You sit to faithfully represent a vista or a structure.
The early investigations of the journey are simply documentary.
You struggle for this to not be the case—every time, in every beginning you want to feel like armored Athena is leaping onto the page—but struggling through faithful documentation is necessary.
The journey is operating on a distinct time scale.

The geologic and the architectural are enduring through the journey.
Yes, they receive new washes—that bizarre arctic twilight lingering, or the way fresh air filters around the morning’s outcroppings once upon disembarking from the plane—coloring your perception, but they do not alter the physiognomy of the object.

Accept the things you cannot change.

Testing your own changing perceptions against these enduring benchmarks is the visual metric of one’s experience in a journey. Monet did this with Rouen, or with the haystacks. However, he was painting his perception of these ephemeral washes altering the objects rather than how they were altering the subject, him.

In the disingenuous confidence of your first markings on the watercolor paper occasionally a discovery is made—if you accept these discoveries at face value you’ve drowned then and there in the Sognefjord, it is 4000 feet in depth, you continue your journey but it is painted with nothing but the dark water you’ve accepted—, but you have, at this point, more to put into the conversation than to take out of it. Yet those facets you bring to the table are alien and dragged from elsewhere. They may be vestiges of previous representational journeys.
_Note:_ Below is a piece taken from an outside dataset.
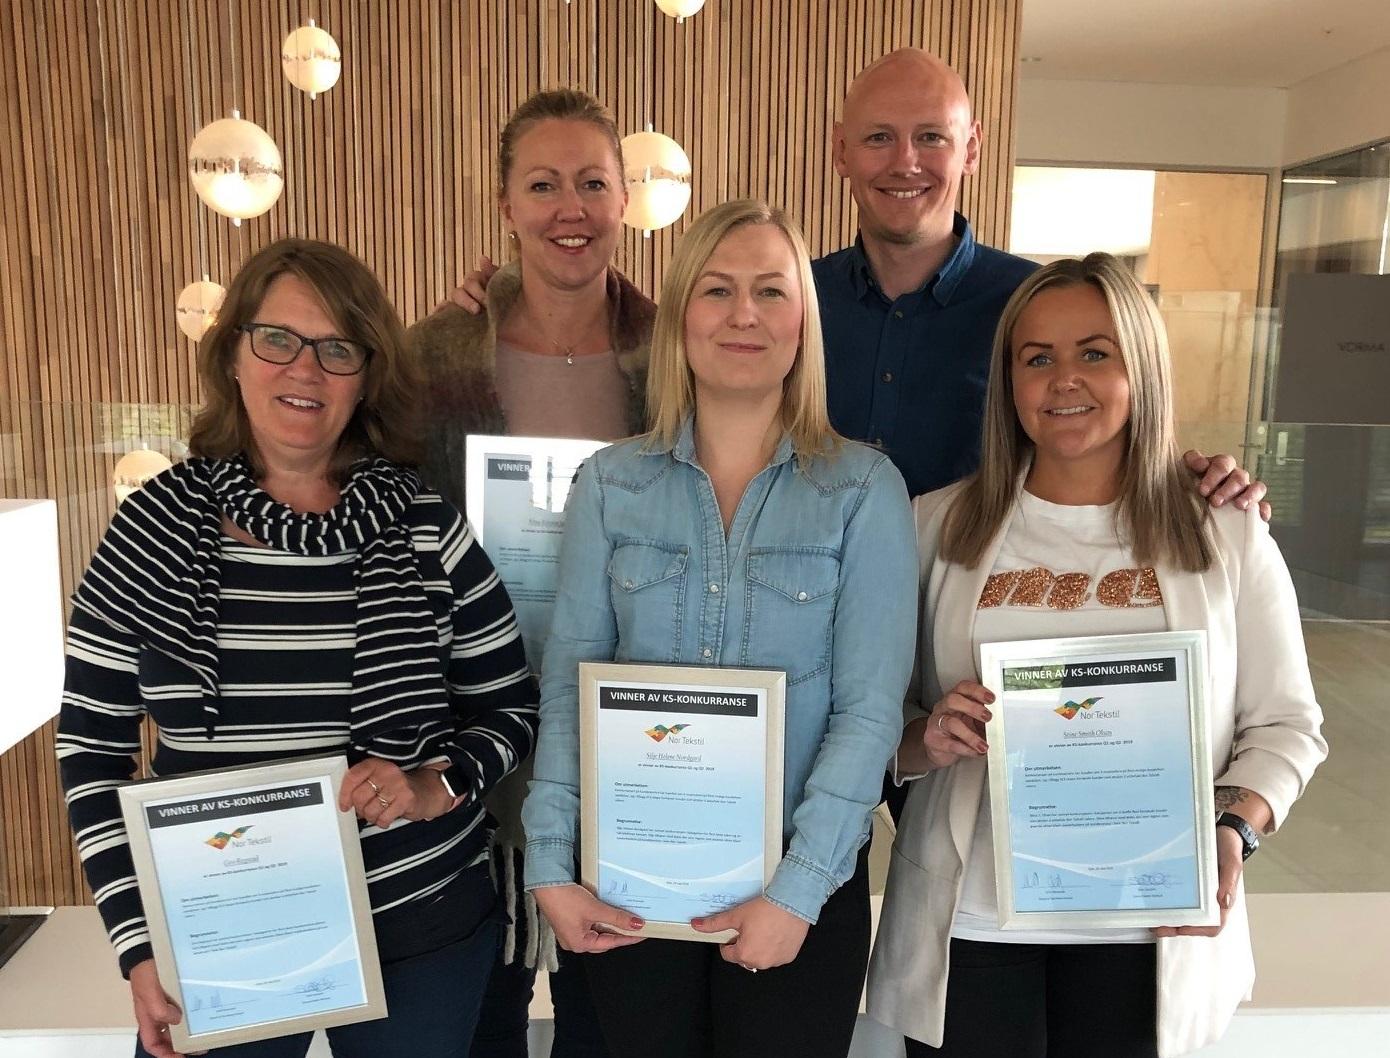 Oppe fra venstre: Nina Kristin Jakobsen, Arild Ommedal. Nede fra venstre: Gro Regstad, Silje Helene Nordgard, Stine Smith Olsen.

The journey is not a colonial endeavor. Your imported vestiges must be regurgitated and purged. They can’t remain in your vocabulary or you will never arrive.

For some time then—really this is the majority of the journey—you are exploring a range of expressions tethered to discrete moments in time and space. This is called exploration.

It is not enough to experience. The expressions of exploration manifest in distinct types of markings—their calligraphic geometry, their medium, & their distribution—and methods of working—masking, blurring, appliqué, burning, scraping, & on & on (try this: place a fragment of brick from the streets of Bergen in a small sealed plastic container with rainwater to see if it either softens the brick enough to draw with or colours the water enough to paint with)—and the bizarre union of marking and method manifesting strategic correlations to place and time. These correlations are not willful. They are the desperation of representation. They arrive miraculously.

If they aren’t miracles you don’t want them.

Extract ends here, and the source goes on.